Wednesday, April 29, 2009

It’s Sad to Watch an Elephant Die

It fills me with a tinge of sadness, seeing the Republican Party as it tries to spin the defection of Arlen Specter. It’s like watching an elephant die— literally. It was exactly six years ago this week that I, too, made an abrupt switch and turned my back on the Republican Party and conservatism because it no longer made any sense to me. Last night as I watched The News Hour on PBS, everything about that decision came flooding back to me.

Reporting from St. Louis, PBS anchor, Gwen Ifill, was interviewing local citizens in the nation’s heartland to get their thoughts on Obama’s first 100 days in office.

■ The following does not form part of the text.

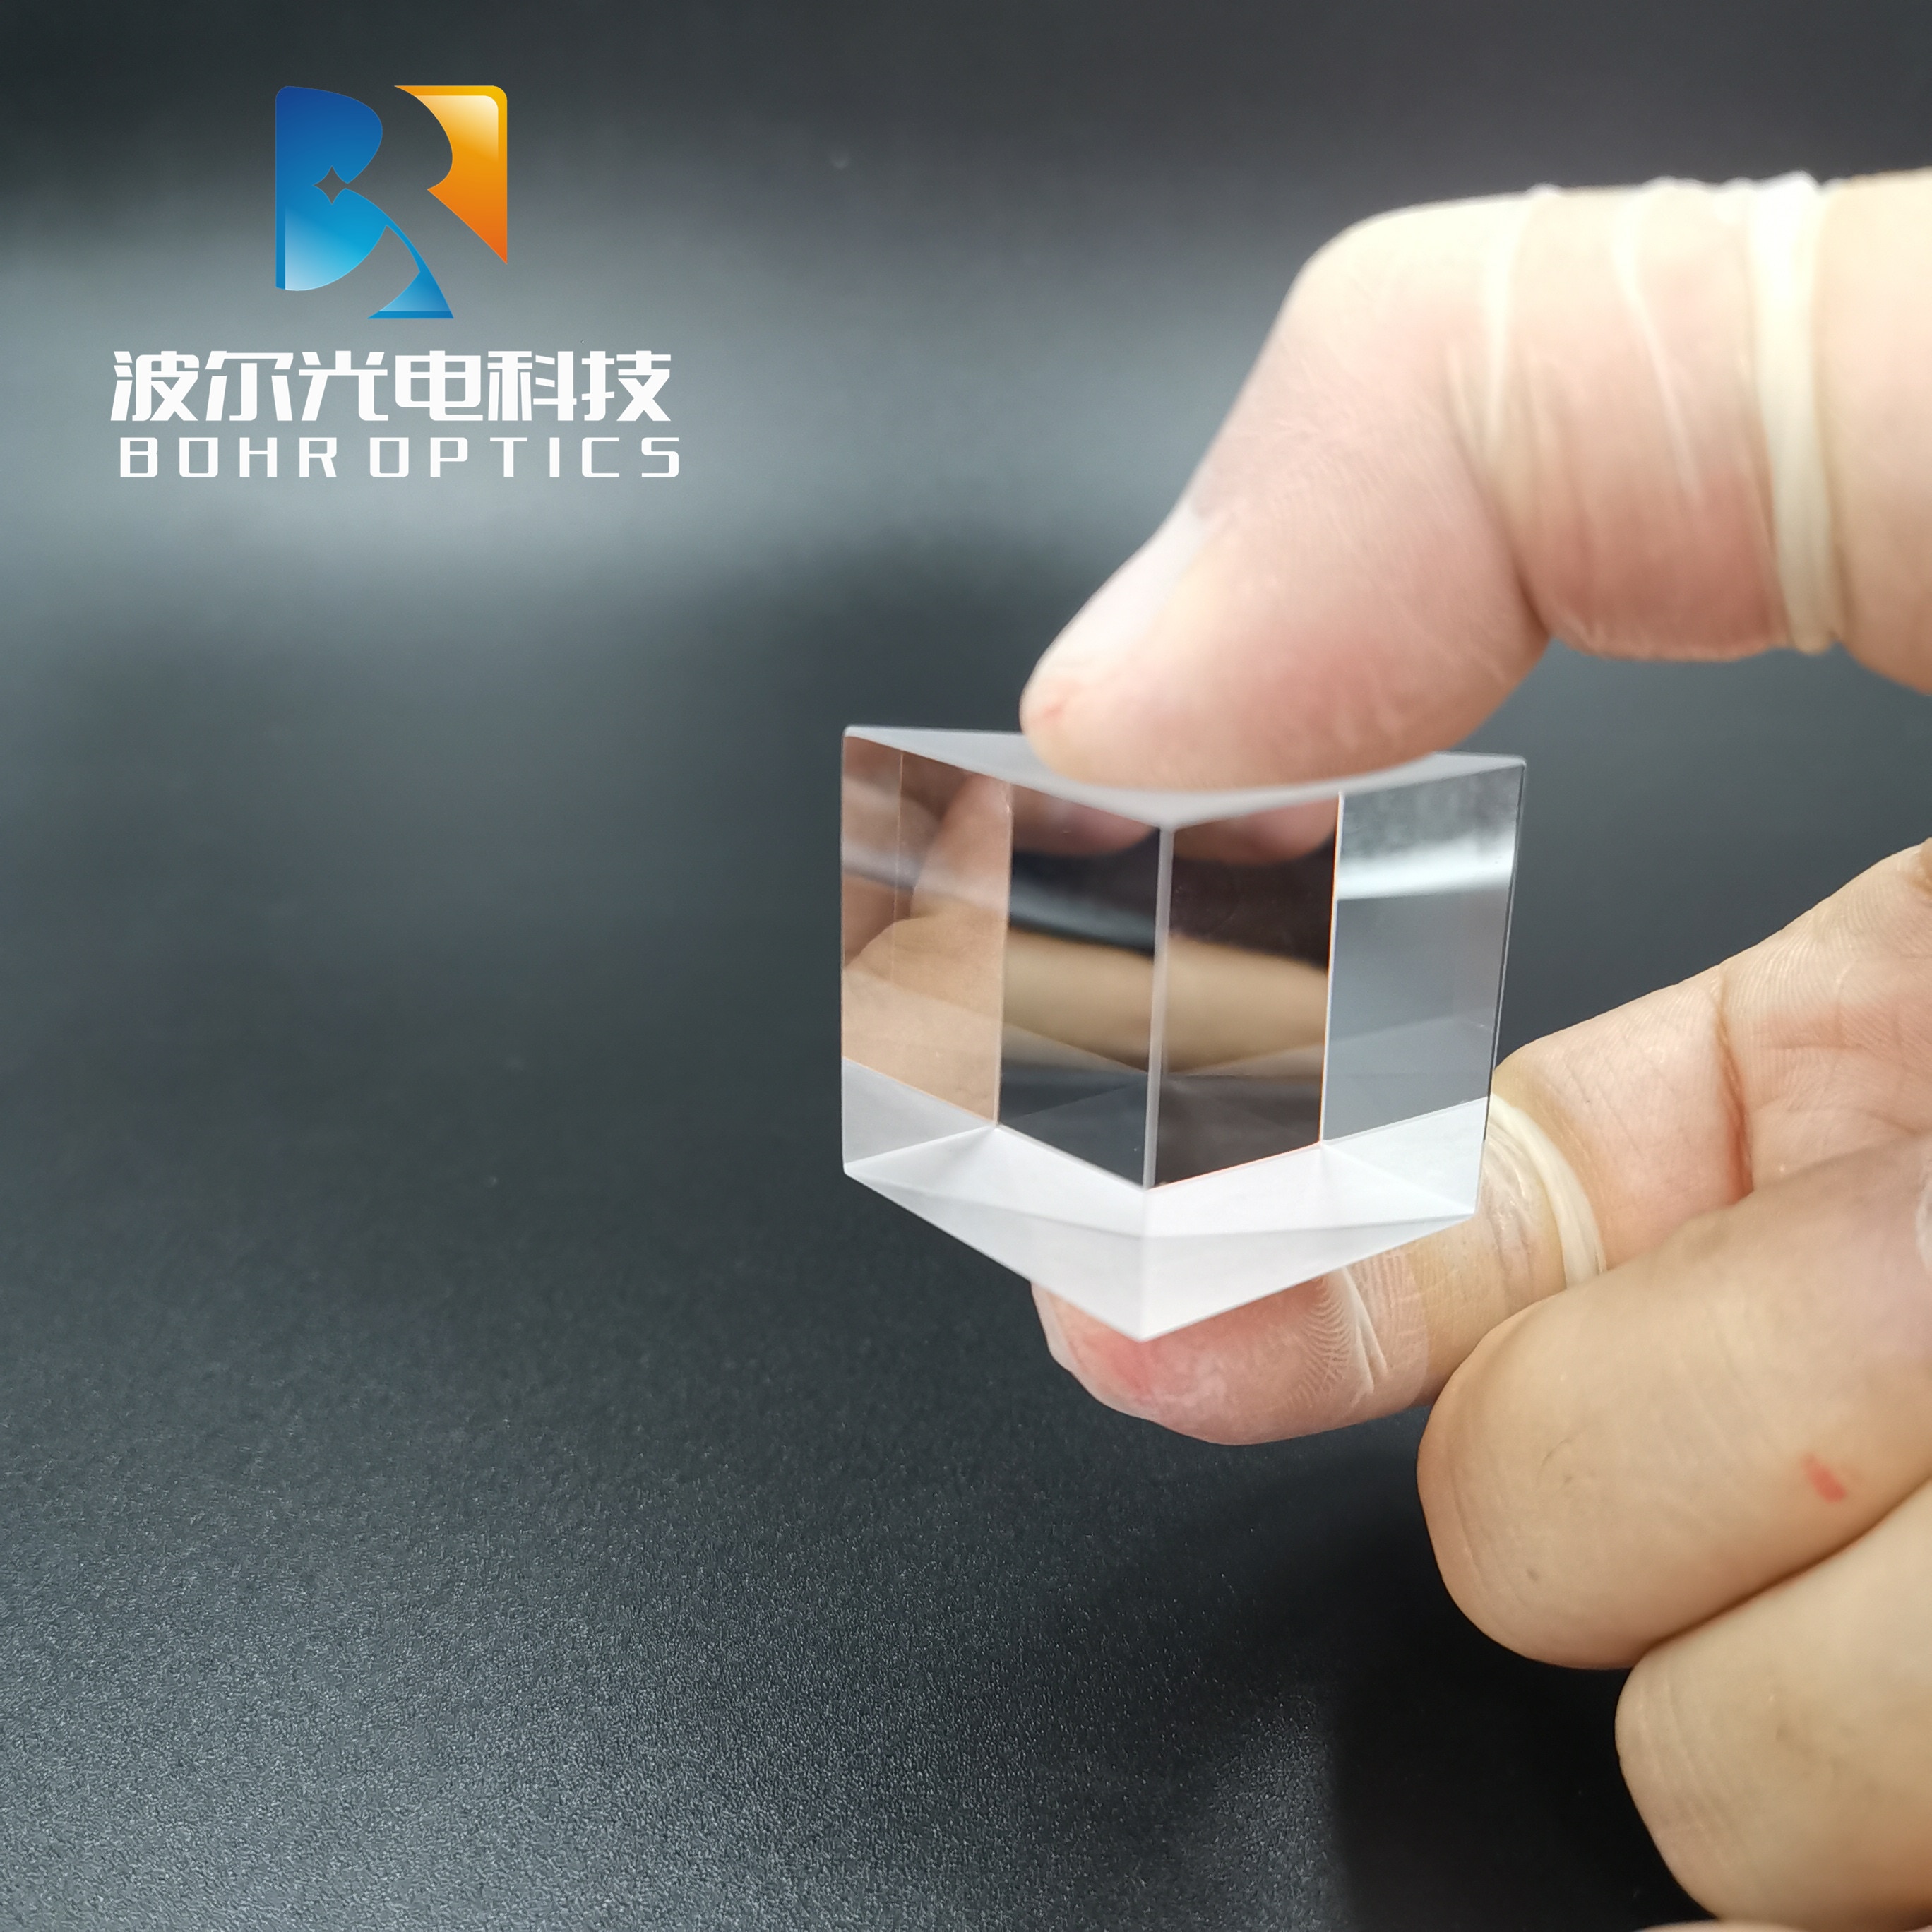 10 x 10 x 10mm retvinklet prisme uden belægning n -bk7 (k9)  optiske komponenter glas til optiske præcisionsinstrumenter

Not surprisingly, the liberal slant of PBS had generated a rather rosy picture, and so to offer some balance, she interviewed an unabashed young supporter of George W. Bush. He said, “I don’t trust the government to solve the nation’s problems. The government should just get out of the way and let the American people do what they do best. I trust the American people.” He actually sounded like Ronald Reagan. If his words are taken at face value, the stupidity of what he said is simply unbearable. Bernie Madoff is an American person. Trustworthy? Not on your life. And all those CEO tycoons of Citigroup and AIG— along with the other American people on Wall Street who devised subprime loans and credit default swaps— presumably these are the American people we should trust to solve our economic problems. There are more than 13 million American people currently unemployed and looking desperately for a job. I wonder if they would like for the government to just get out of the way and let them pull themselves up by their bootstraps. I doubt it.

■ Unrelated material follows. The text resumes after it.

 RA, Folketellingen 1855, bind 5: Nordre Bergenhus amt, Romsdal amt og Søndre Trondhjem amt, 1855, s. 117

It all comes down to this— conservatism today is nothing more than a systematized nostalgia for the 1980s of Ronald Reagan. Back then, conservatism worked. We had a clear enemy, The Soviet Union, so Reagan could denounce big government and get away with it because he could create millions of jobs by pouring billions of dollars into the military budget for defense projects. News flash to Reagan conservatives— the government and the military are the same thing.

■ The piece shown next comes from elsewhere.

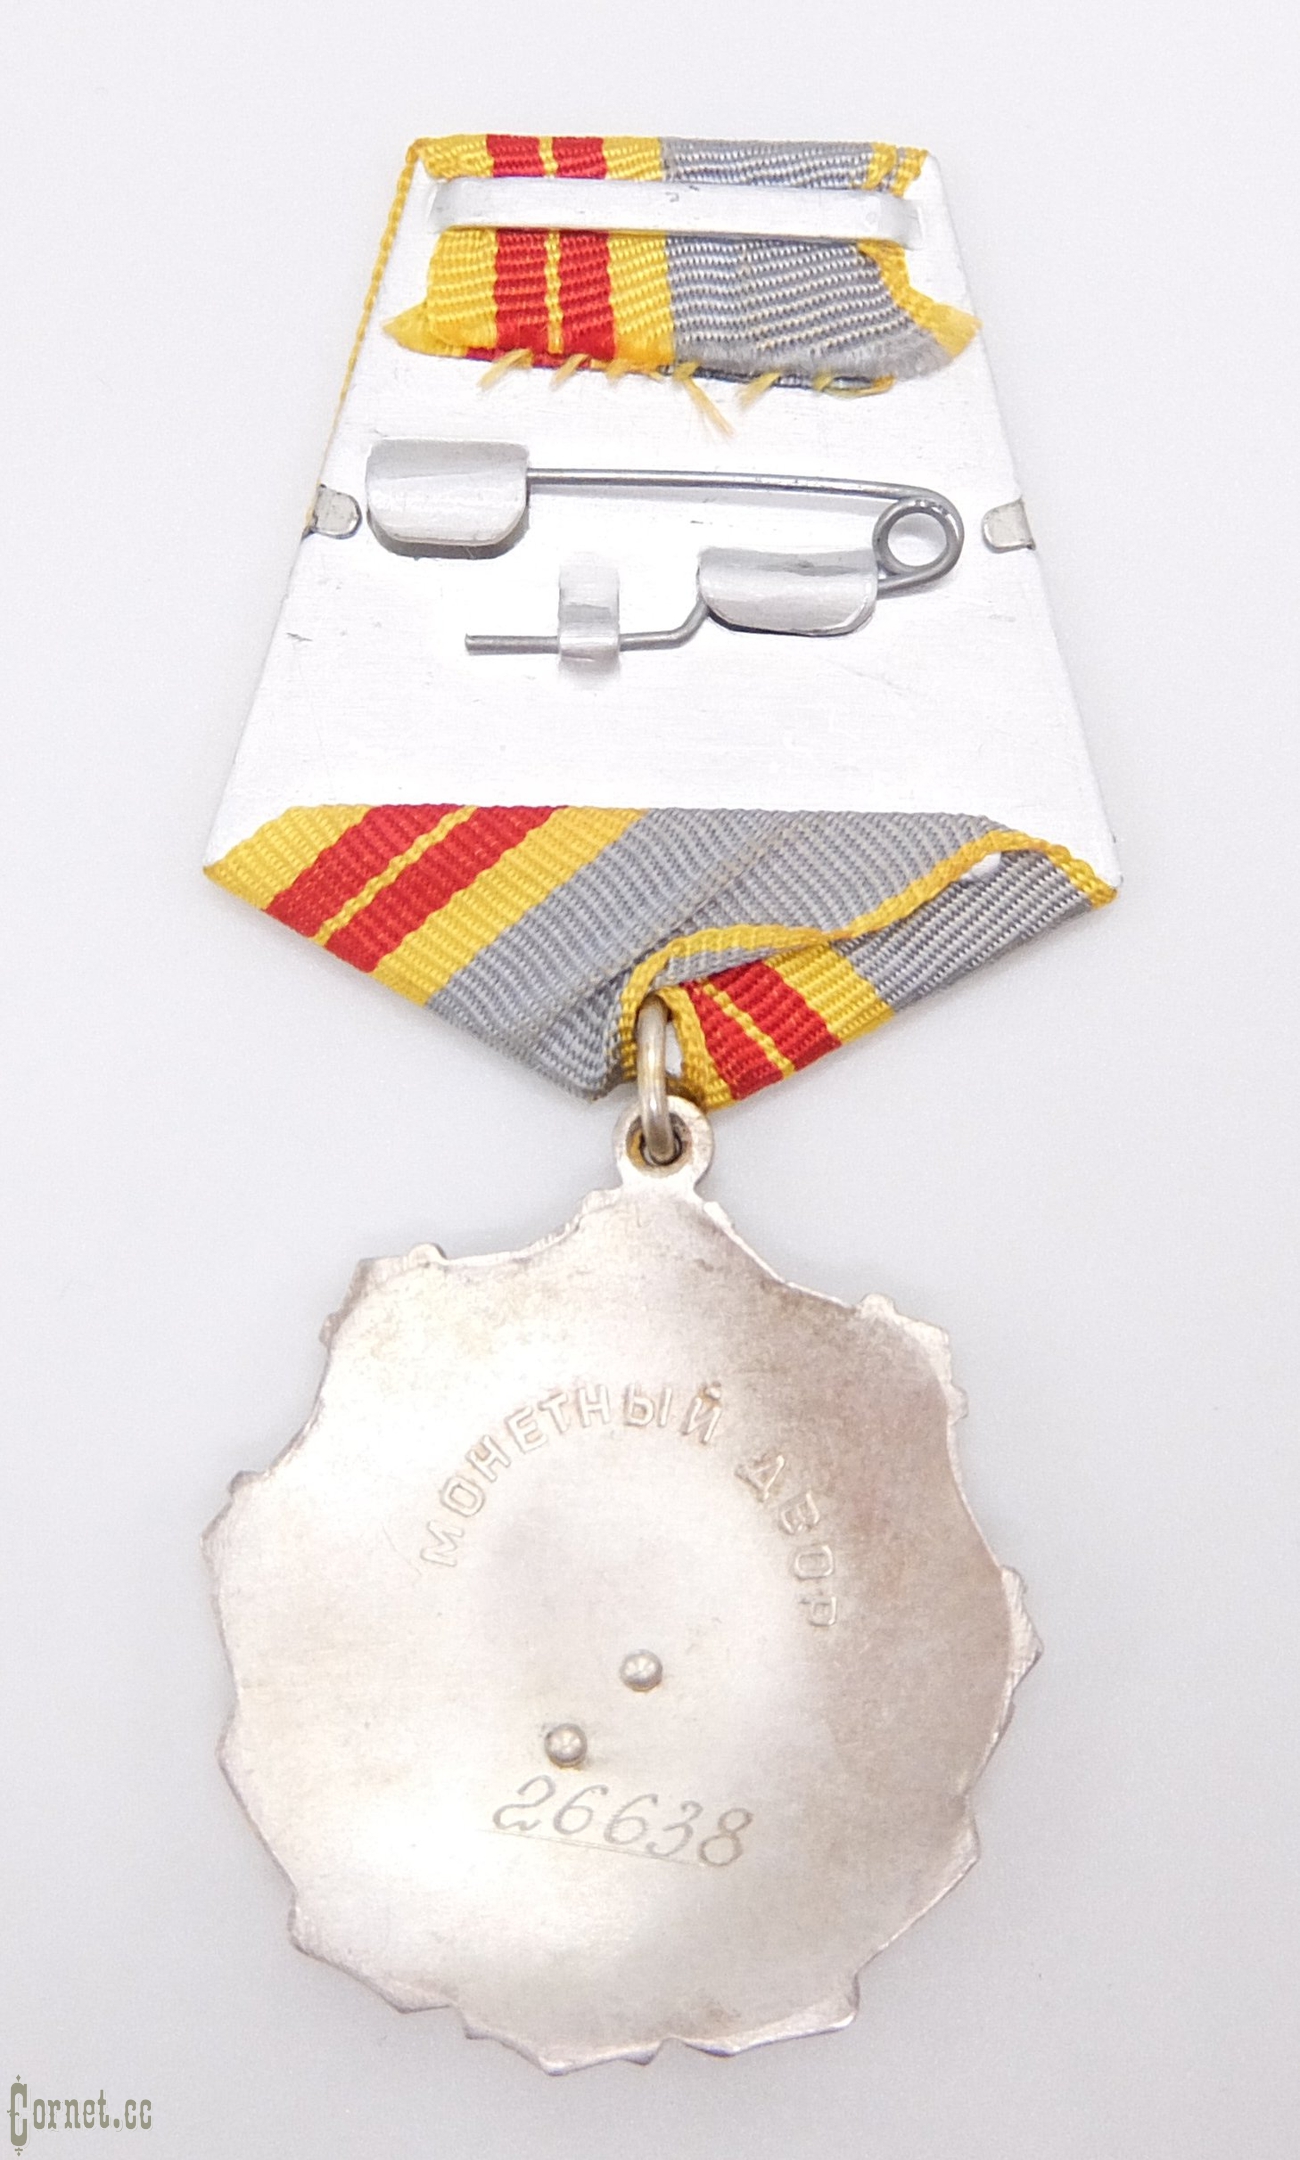 Орден Трудовой Славы 2-ой степени

In Reagan’s 1980s, America still had the world’s largest manufacturing base for durable goods. Not so anymore. In the 1980s, Islamic fundamentalism and global warming and the outsourcing of jobs to foreign countries— all these problems were off the radar screen. The 401K was only invented in 1982, so almost all American jobs offered the potential for a retirement income as a fringe benefit. As a result, only a comparatively few people were heavily invested in the stock market, and for the most part these were wealthy people who actually knew what they were doing when it came to finance. And as for China— the word that best described China in the 1980s was “quaint.”

This is the world that modern conservatives want to recreate. I, too, yearn for those days, and if the world could go back to the way it was then, I would be a conservative Republican in a heartbeat. But things change, and the days of Reagan are as gone as Hugh Hefner’s virginity. Modern conservatism is best defined by its champions. There are the raving egomaniacs like Rush Limbaugh and Ann Coulter who are easily dismissed, but there are also reasoned, brilliant men like George Will and David Brooks. I personally admire George Will and David Brooks, but with all due respect to these men, I personally believe that conservatism today is mostly for the weak minded and the overly nostalgic. It’s sad to watch an elephant die.